Managing biofouling on infrastructure
Concrete gravity structures
Concrete gravity structures pose a risk of spreading marine pests when they are wet-towed from the build site to the installation site. The risk is highest when:
- marine pests are present at or near the build site and the structure is to be deployed in shallow waters
- the tow route includes port stopovers to fit more equipment.
Each unit requires development of an inspection, maintenance and control routine, tailored to the characteristics of the unit and its deployment.

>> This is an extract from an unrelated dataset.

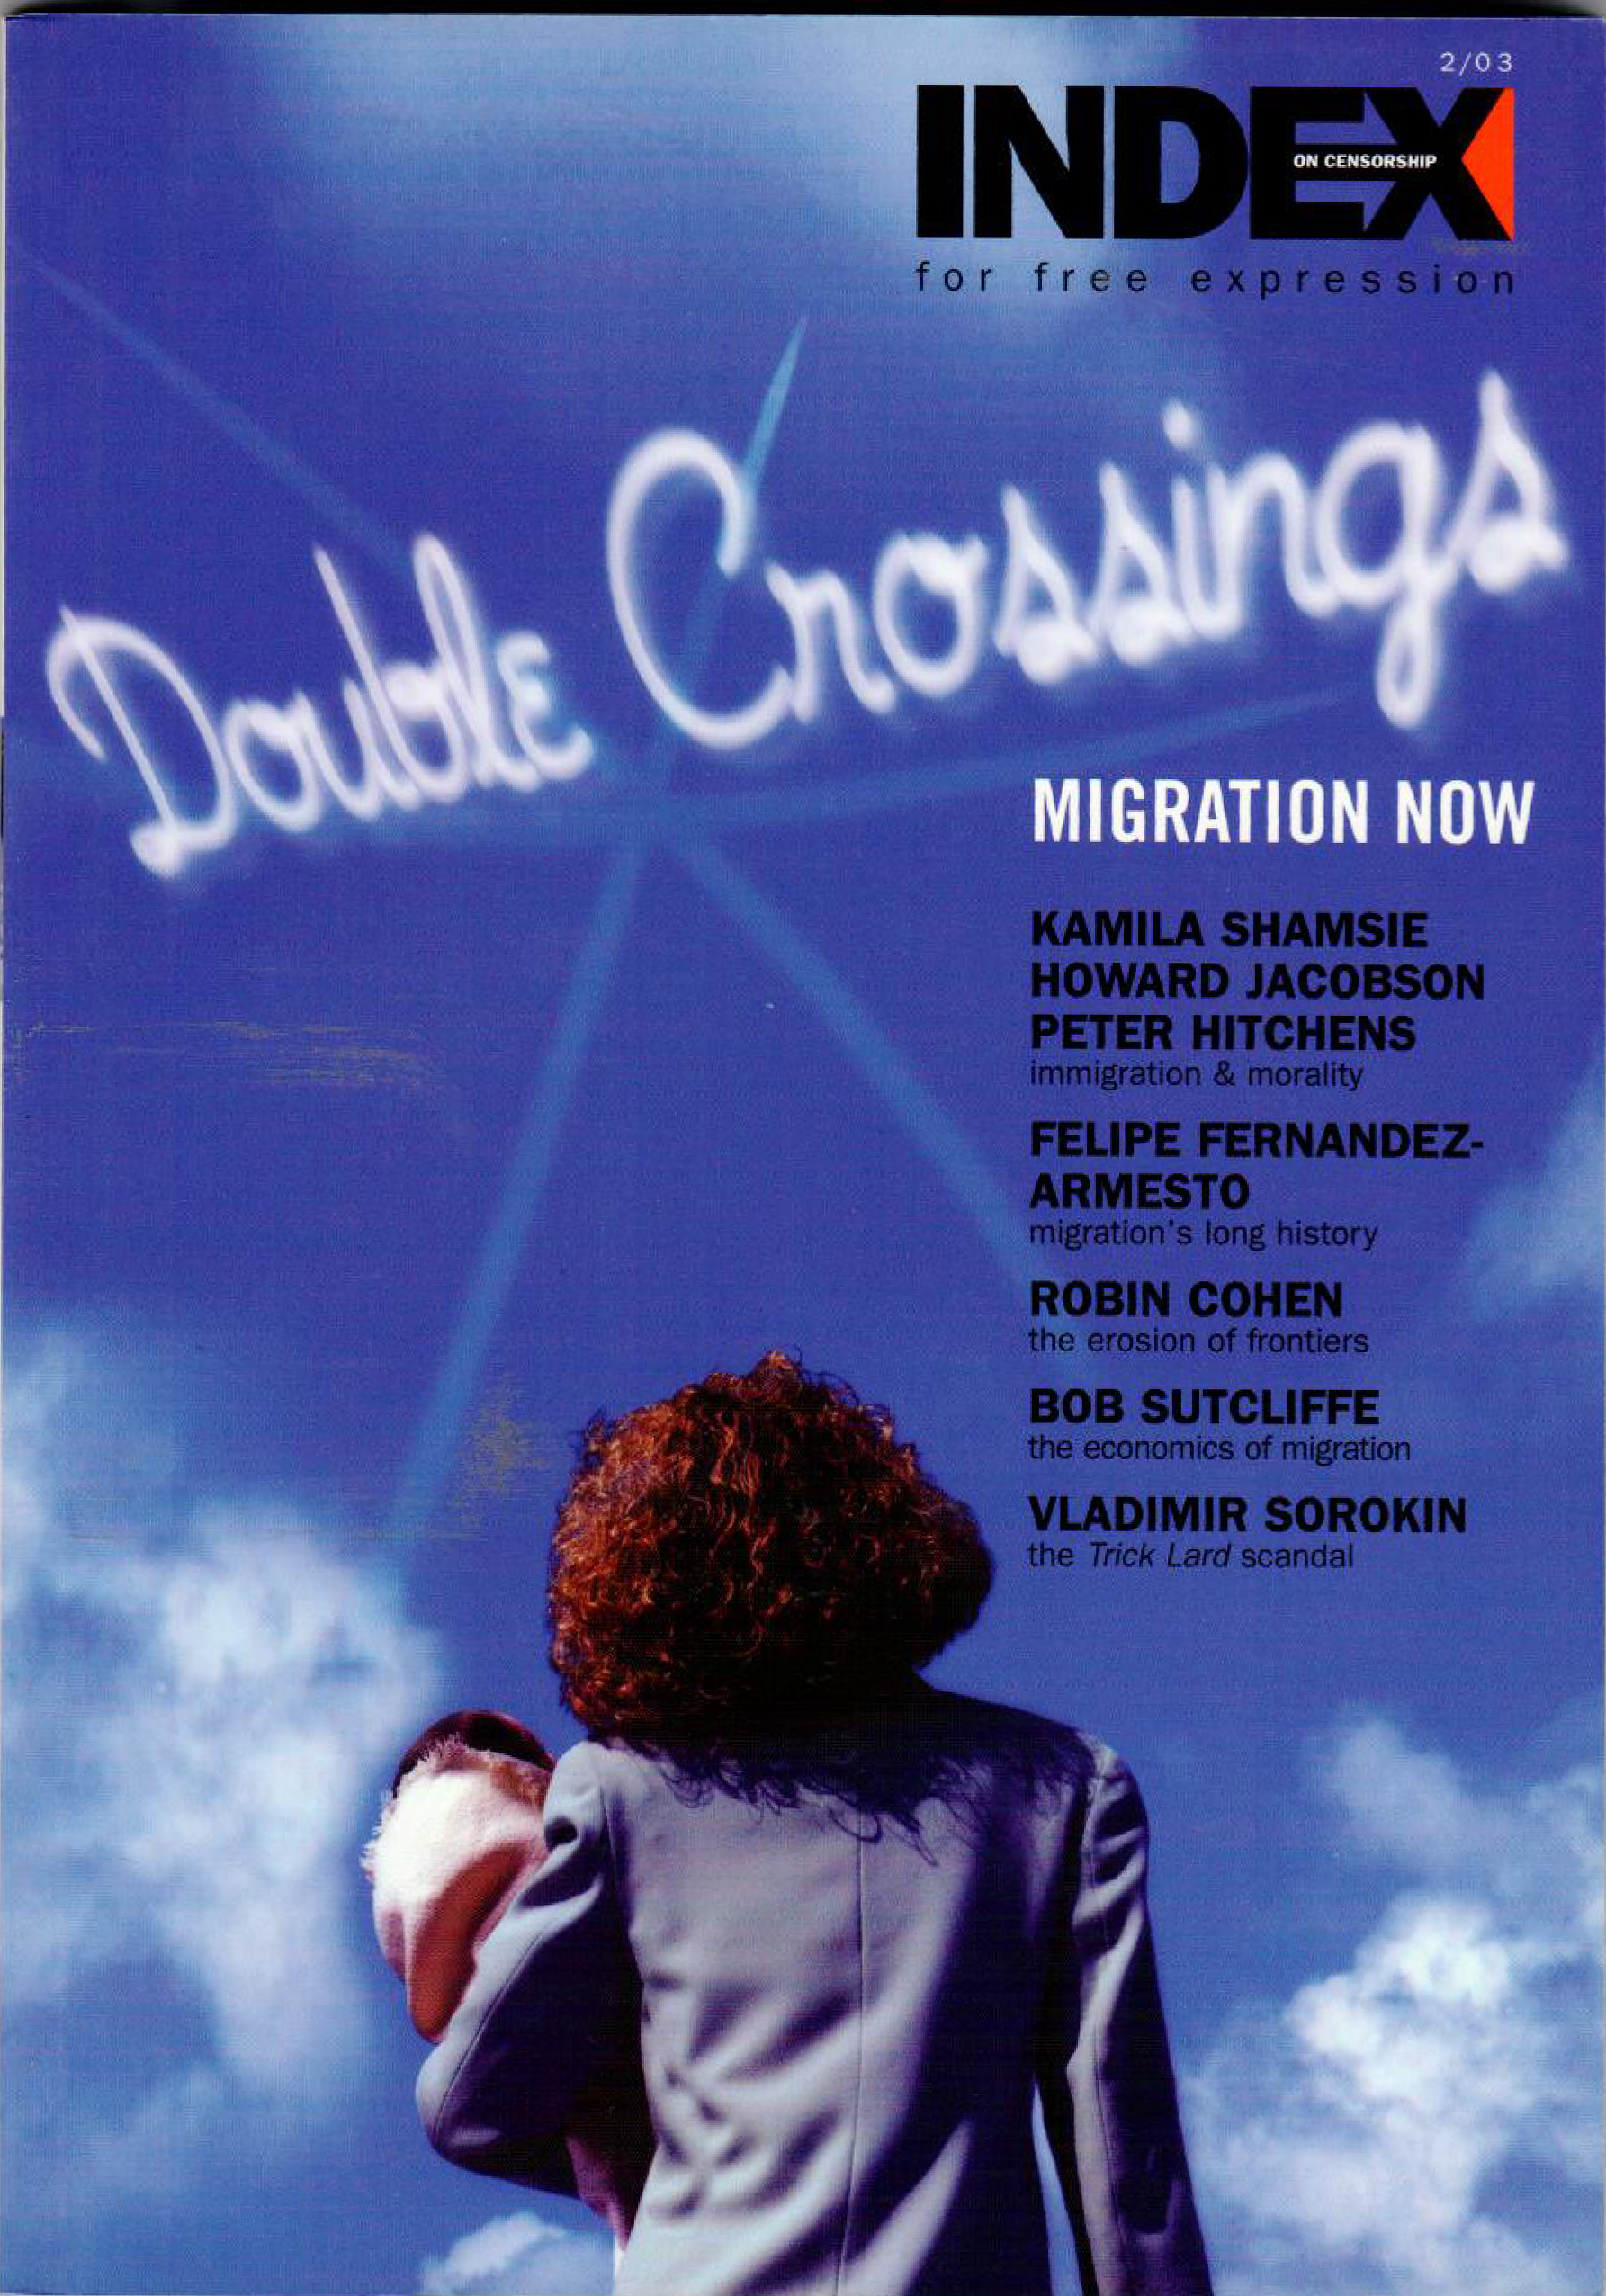 Double crossings: Migration now

This should be developed during project design, contracting and inception.
Floating production, storage and offloading vessels (FPSO) and floating storage and offloading vessels (FSO)
These vessels are designed to service their field for long periods (5-10 years) and usually have no need to enter an Australian port, other than for an urgent or unscheduled maintenance need.

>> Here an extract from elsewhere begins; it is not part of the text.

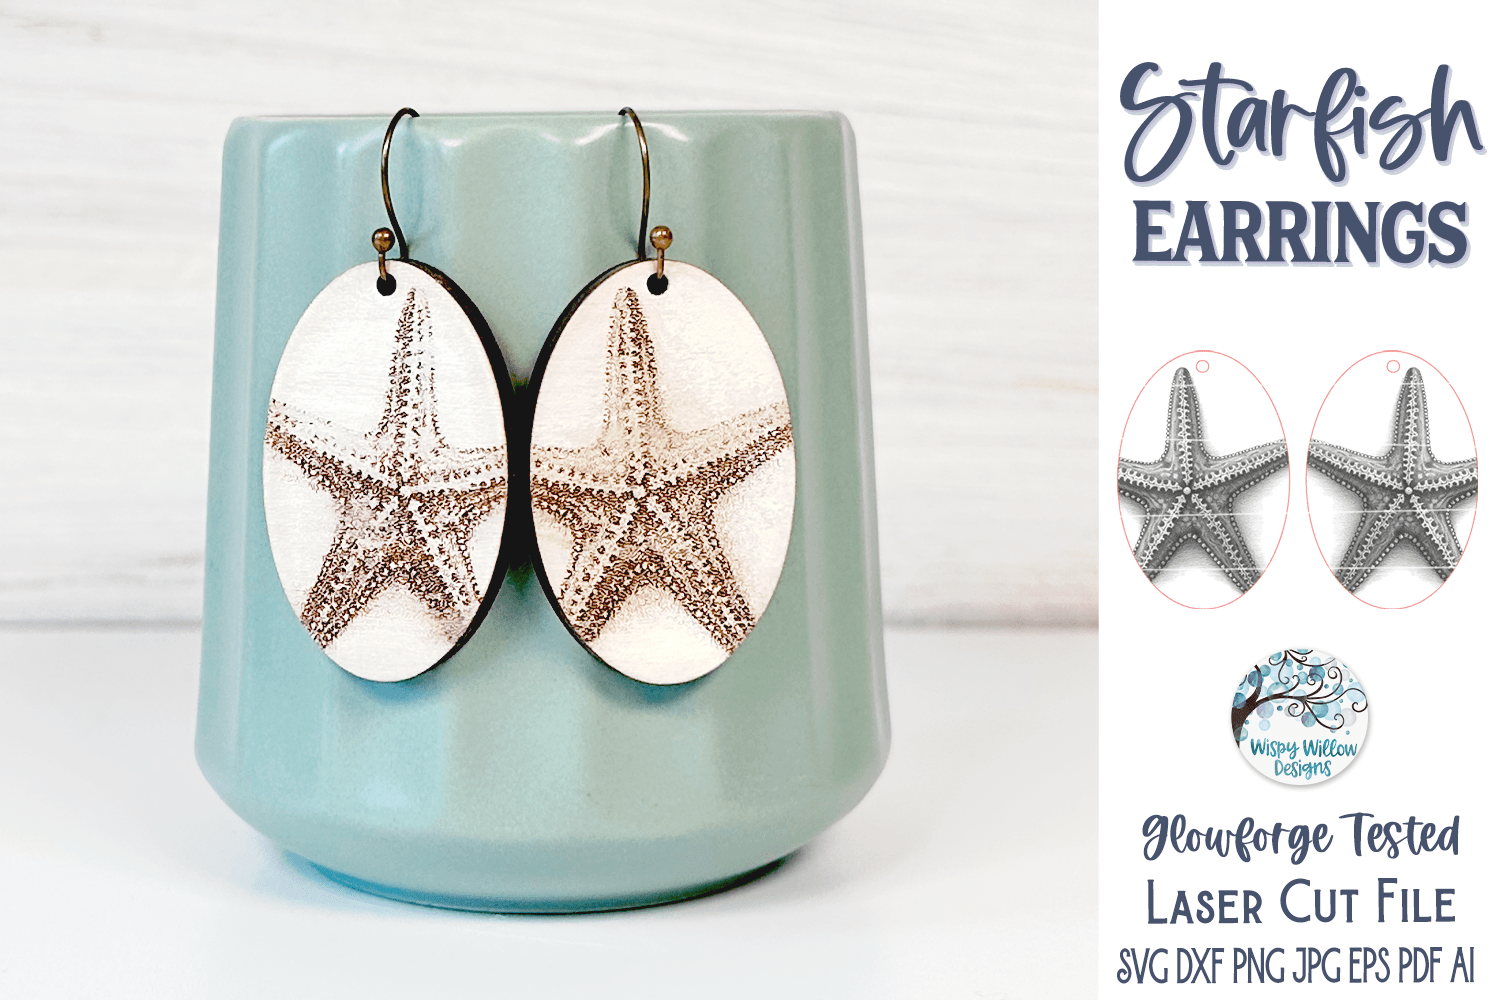 Starfish Earring File for Glowforge or Laser Cutter Wispy Willow Designs Company

However, if the platform is moved to a port or to a coastal water location, then a biofouling management plan must be implemented that will minimise any risk of spreading marine pests.

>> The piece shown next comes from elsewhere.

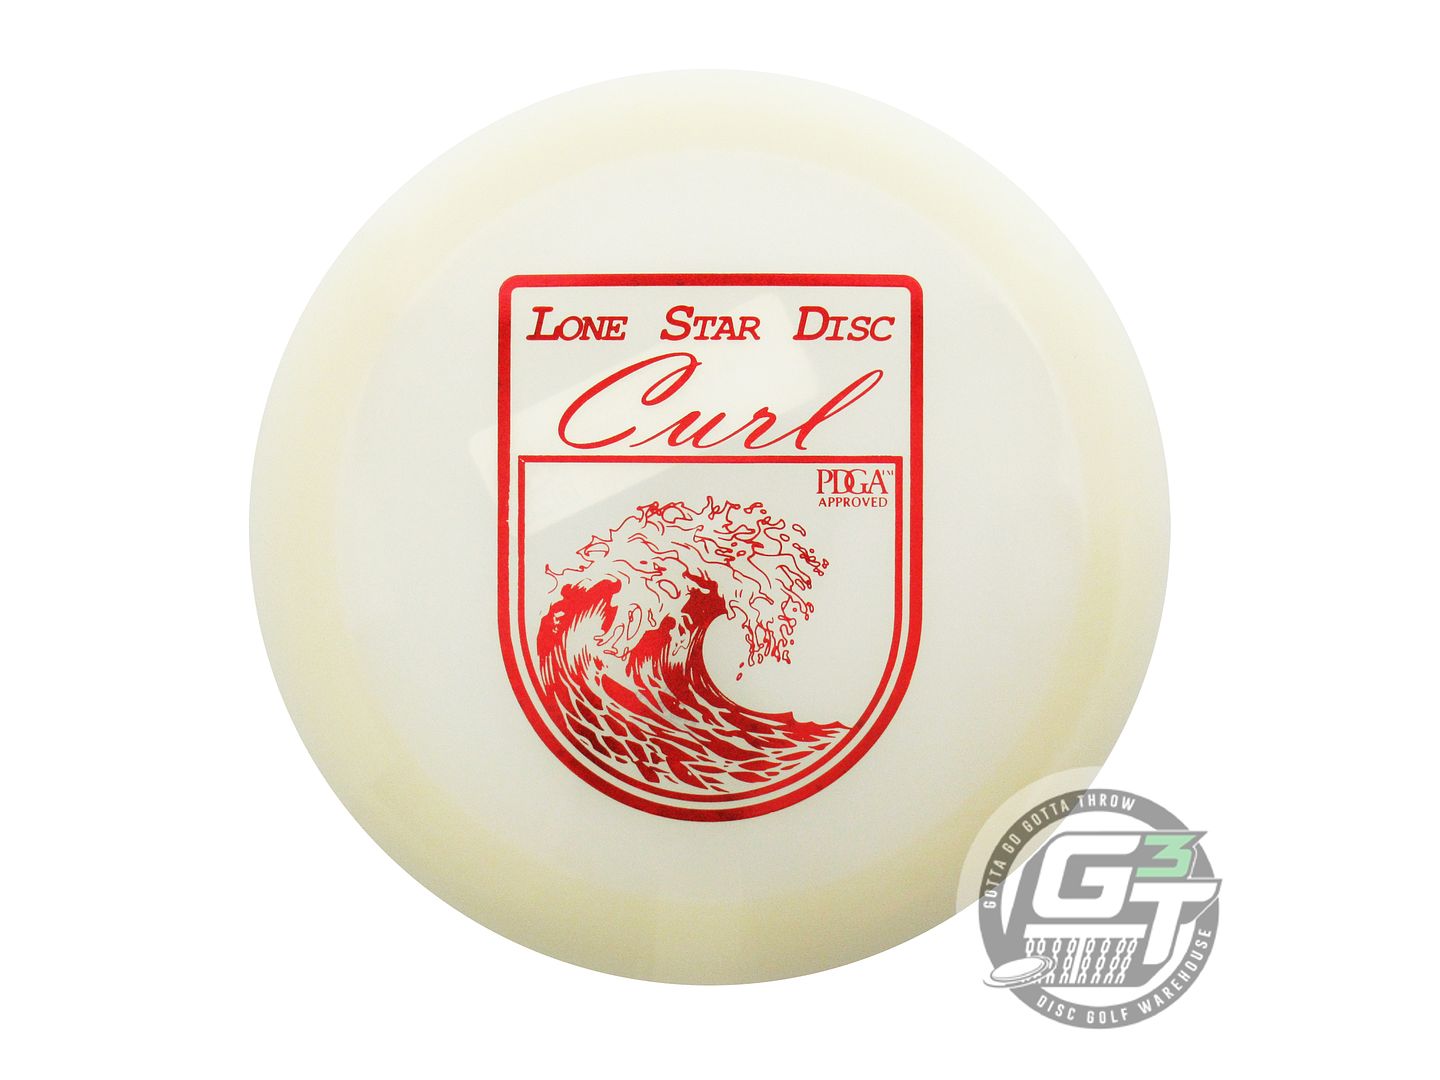 Lone Star Artist Series Glow Curl Distance Driver Golf Disc (Individually Listed)

Decommissioning, removal or abandonment
Decommissioning projects are subject to the following regulations:
- the Petroleum (Submerged Lands) Act 1967 (P[SL] Act)
- the Environment Protection and Biodiversity Conservation Act 1999 (EPBC Act)
- the Environment Protection (Sea Dumping) Act 1981 (EP[SD] Act)
- relevant state/NT Acts depending on project location.
The Environment Plan/Environment Management Plan (EP/EMP) should include a biofouling risk assessment and appropriate management measures.